JP2007217604A - Lubricant composition - Google Patents

Abstract

<P>PROBLEM TO BE SOLVED: To provide a lubricant that reduces the friction at a lubricated portion and decreases a molybdenum content which results in suppressing the burden on the environment. <P>SOLUTION: A lubricant composition comprises a lubricant base oil and components (A)-(C) incorporated into the lubricant base oil as given below: the component (A) is a sulfur-containing organic molybdenum complex having a weight ratio of the sulfur content to the molybdenum content of 1-1.4 and is blended in an amount of 300-3,000 weight ppm in terms of molybdenum element based on the total amount of the lubricant composition; the component (B) is a zinc dithiocarbamate and is blended so that the weight ratio of the sulfur content in the component (B) to the molybdenum content in the component (A) is 0.2-4; and the component (C)is one or more kinds of calcium salts of organic acids selected from the group consisting of an alkylphenol, an alkyl salicylic acid, an aliphatic sulfonic acid and an aromatic sulfonic acid and is blended so that the weight ratio of the calcium content in the component (C) to the molybdenum content in the component (A) is 0.2-7. The lubricant composition further comprises a component (D) in addition to the components (A)-(C) as follows: the component (D) is one or more kinds of compounds selected from a metal soap such as a lithium soap or the like and a urea compound and is blended in an amount of 2-30 wt.% based on the total amount of the lubricant composition. <P>COPYRIGHT: (C)2007,JPO&INPIT

Description

  The present invention relates to a lubricant composition, and more particularly, to a high-performance lubricant composition that can exhibit excellent friction reduction characteristics with a smaller amount of molybdenum than conventional ones and has reduced environmental burden.

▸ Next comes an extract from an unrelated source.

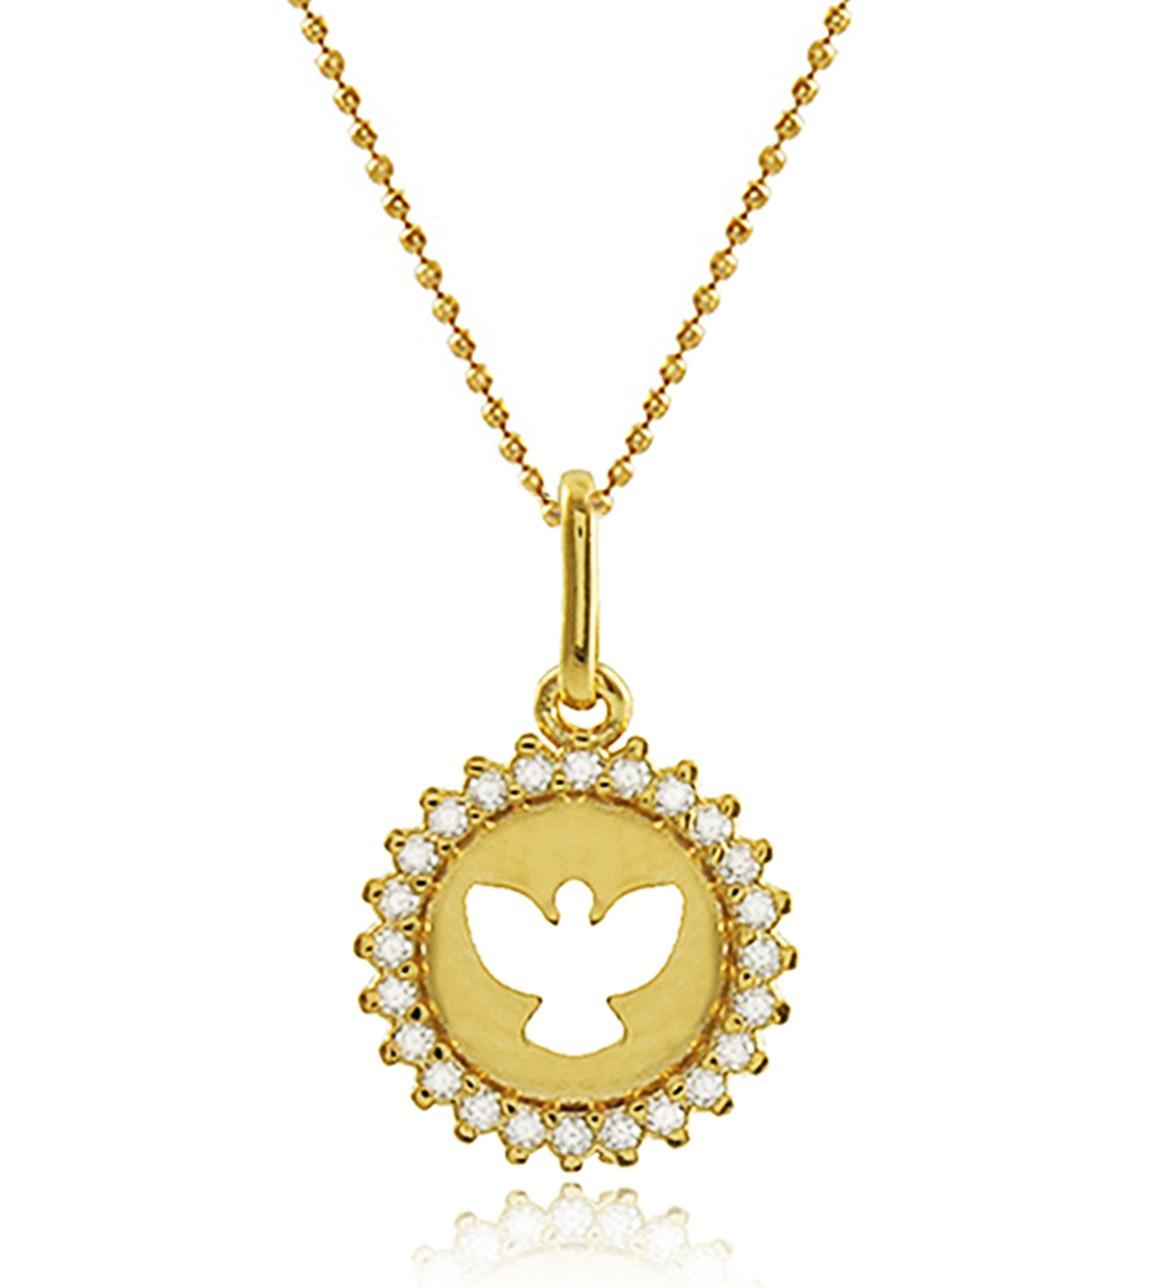 Colar Corrente Espírito Santo Dourado Duquesa Semi joia

  Lubricants are used in sliding parts of various machines represented by automobiles, construction machinery, machine tools, etc., but lubricants with better friction properties are required for miniaturization and higher performance of machines. ing. In particular, a lubricant having a low frictional resistance is required from the viewpoint of reducing energy loss due to friction.

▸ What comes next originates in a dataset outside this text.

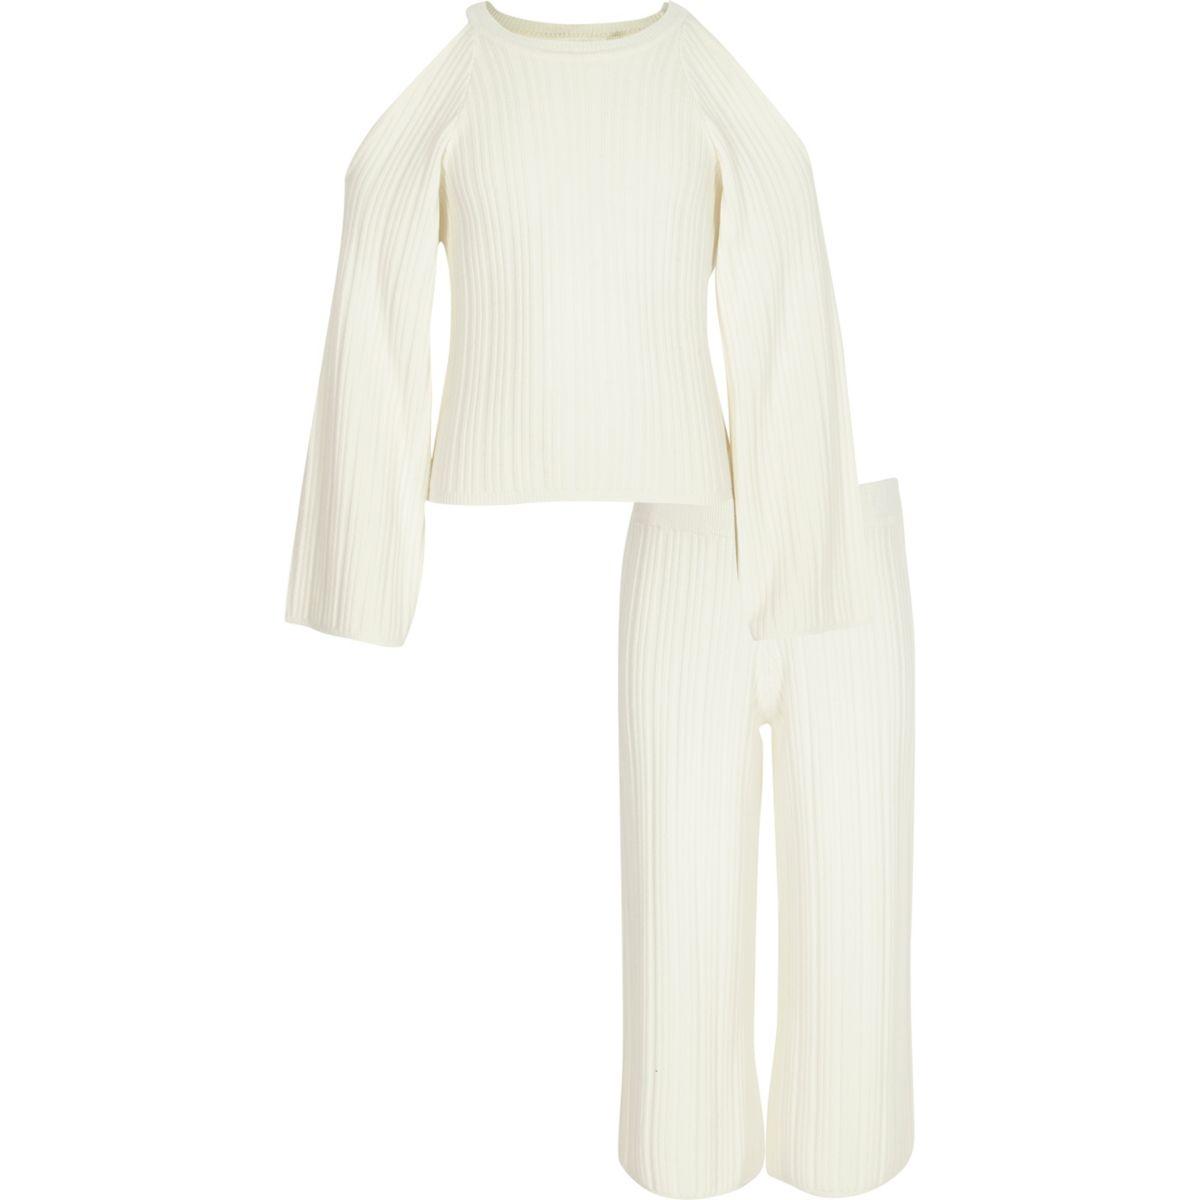 Outfit mit Strickpullover in Creme und Hosenrock

In recent years, lubricant compositions for reducing friction have been widely used especially in lubrication sites in the boundary lubrication region, since organic molybdenum compounds such as molybdenum dithiocarbamate and molybdenum dithiophosphate have excellent friction reducing effects. It was.
However, molybdenum is designated as a Class 1 Designated Chemical Substance in the Chemical Substance Emission and Transfer Notification System, which was institutionalized in 1999, and it is desirable that the amount used be small from the viewpoint of environmental protection. In addition, since the price of molybdenum compounds is relatively high, and the price has soared in recent years, the development of high-performance lubricants with a reduced amount of molybdenum compounds has been developed to improve the economics of lubricants. Is desired.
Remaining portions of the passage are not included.